*WHAT IS NEEDED*:
When you copy the data, keep every line exactly as written and skip the pictures.

*GIVEN DATA*:

########################################

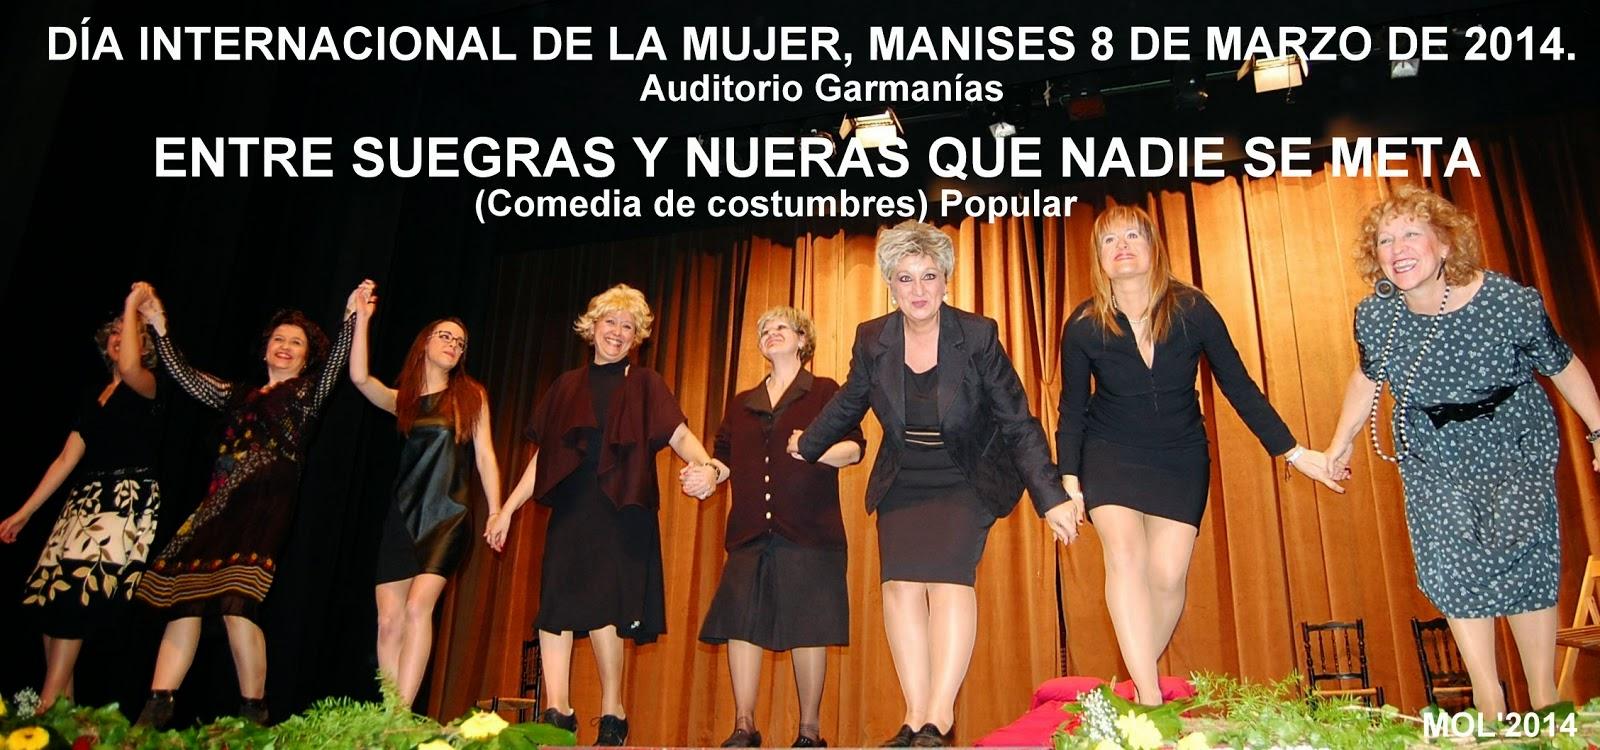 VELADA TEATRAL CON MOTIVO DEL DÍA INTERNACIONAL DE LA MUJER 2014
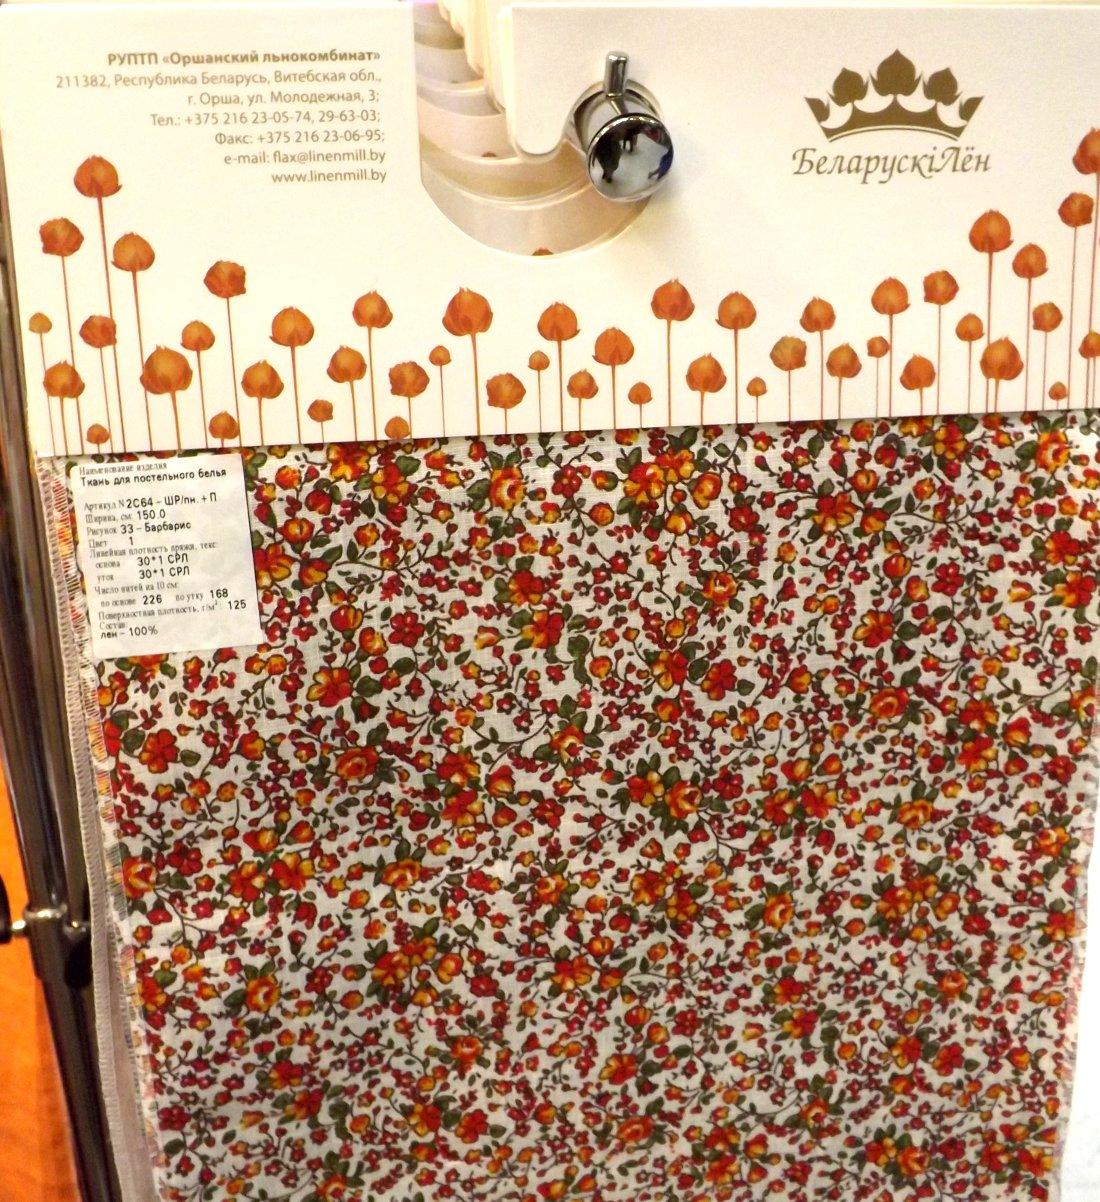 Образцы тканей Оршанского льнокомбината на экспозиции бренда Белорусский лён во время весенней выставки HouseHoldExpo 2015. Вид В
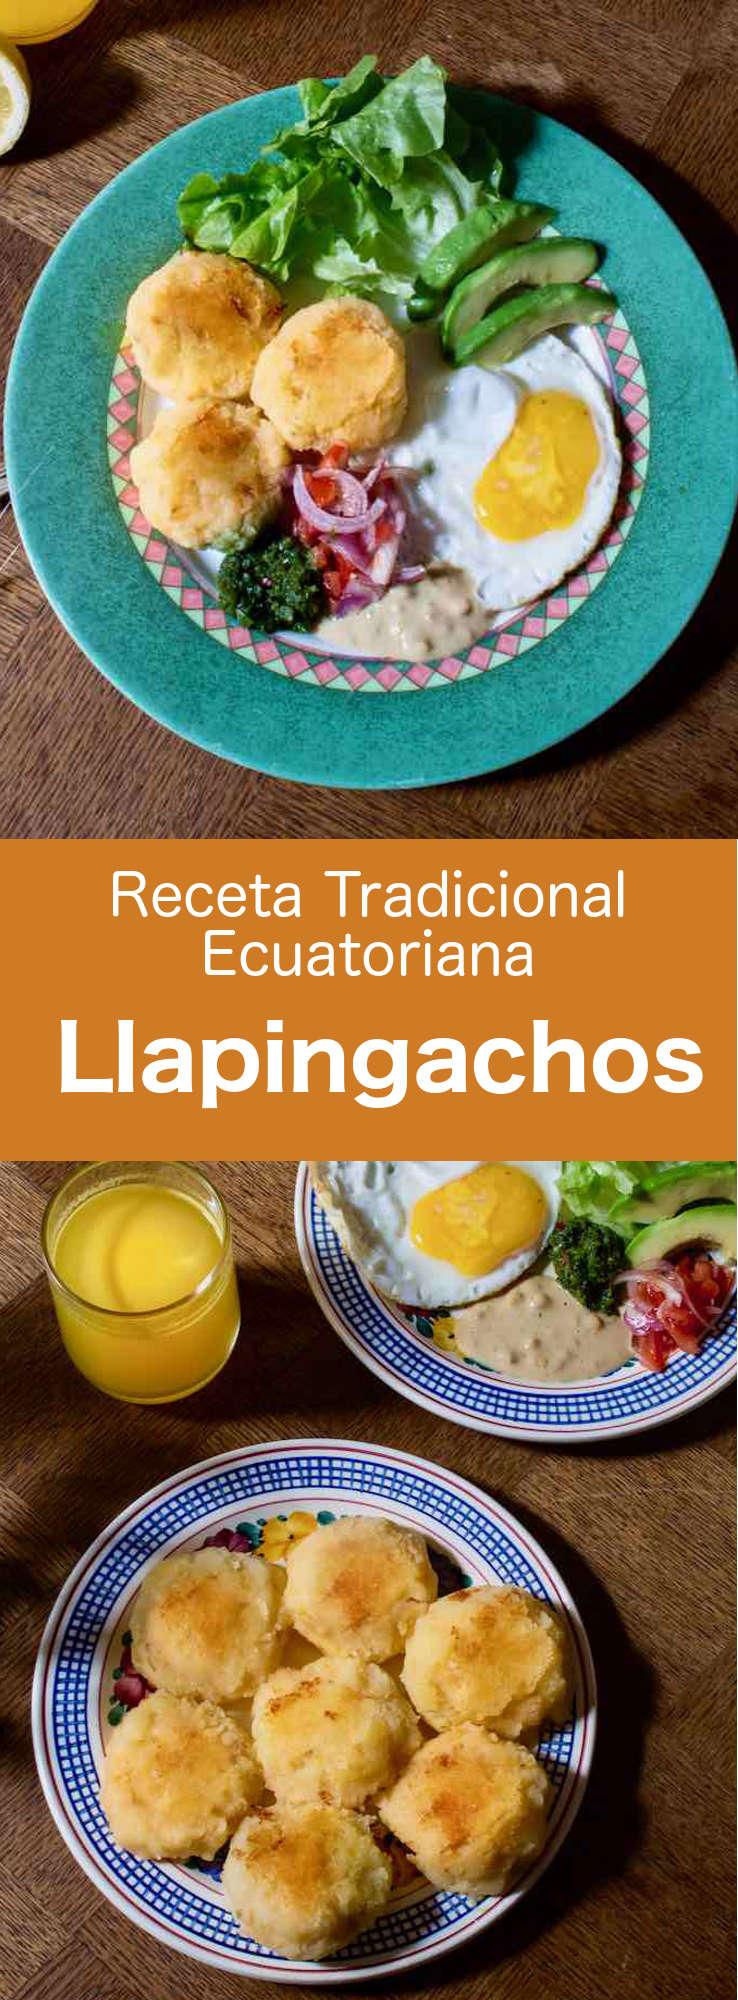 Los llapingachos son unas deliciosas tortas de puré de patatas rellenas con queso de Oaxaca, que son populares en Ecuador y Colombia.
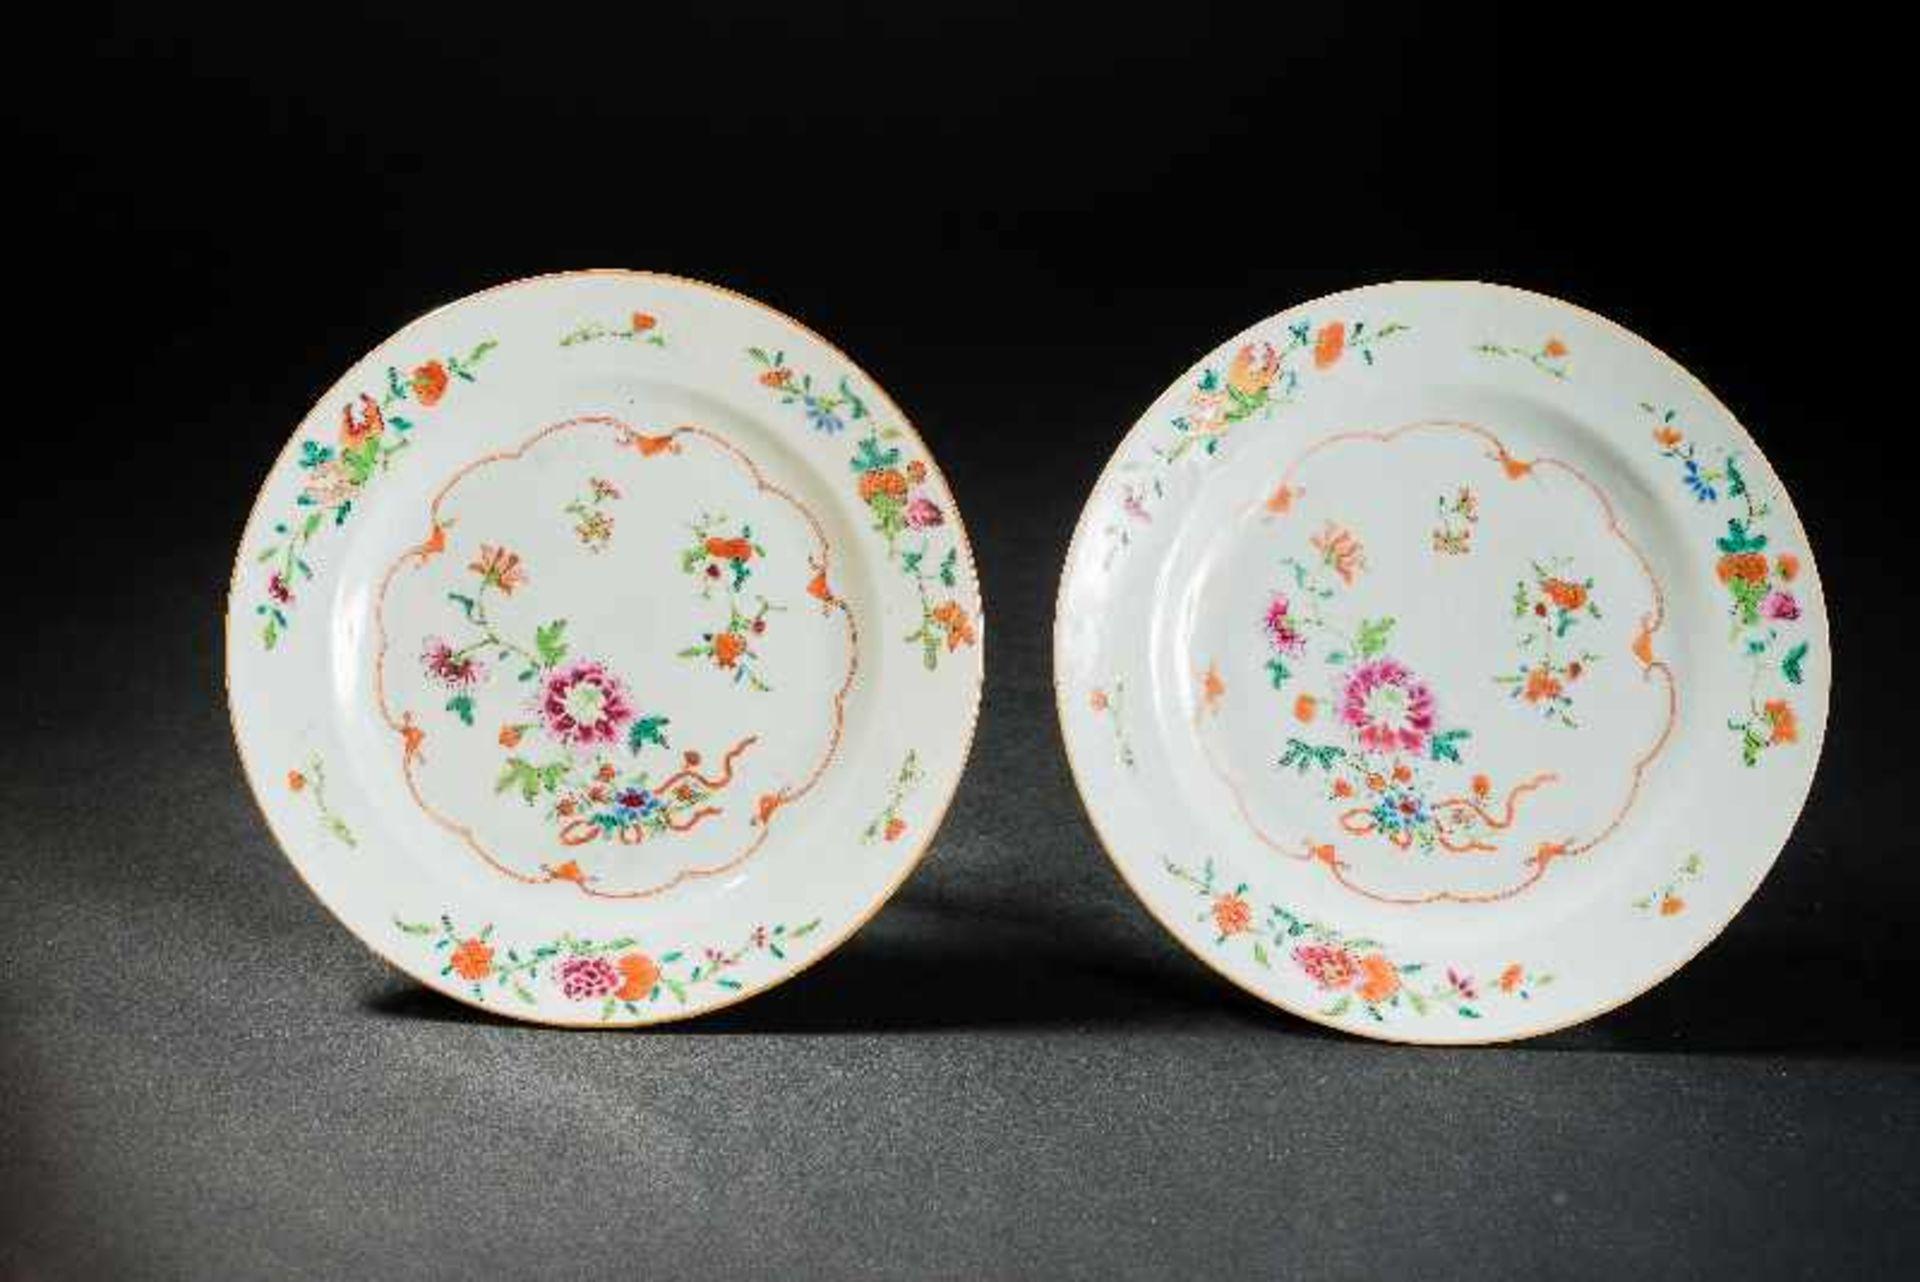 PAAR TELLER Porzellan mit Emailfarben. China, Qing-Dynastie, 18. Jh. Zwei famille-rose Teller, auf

########################################

*OUTPUT BELOW*:
 VELADA TEATRAL CON MOTIVO DEL DÍA INTERNACIONAL DE LA MUJER 2014
 Образцы тканей Оршанского льнокомбината на экспозиции бренда Белорусский лён во время весенней выставки HouseHoldExpo 2015. Вид В
 Los llapingachos son unas deliciosas tortas de puré de patatas rellenas con queso de Oaxaca, que son populares en Ecuador y Colombia.
 PAAR TELLER Porzellan mit Emailfarben. China, Qing-Dynastie, 18. Jh. Zwei famille-rose Teller, auf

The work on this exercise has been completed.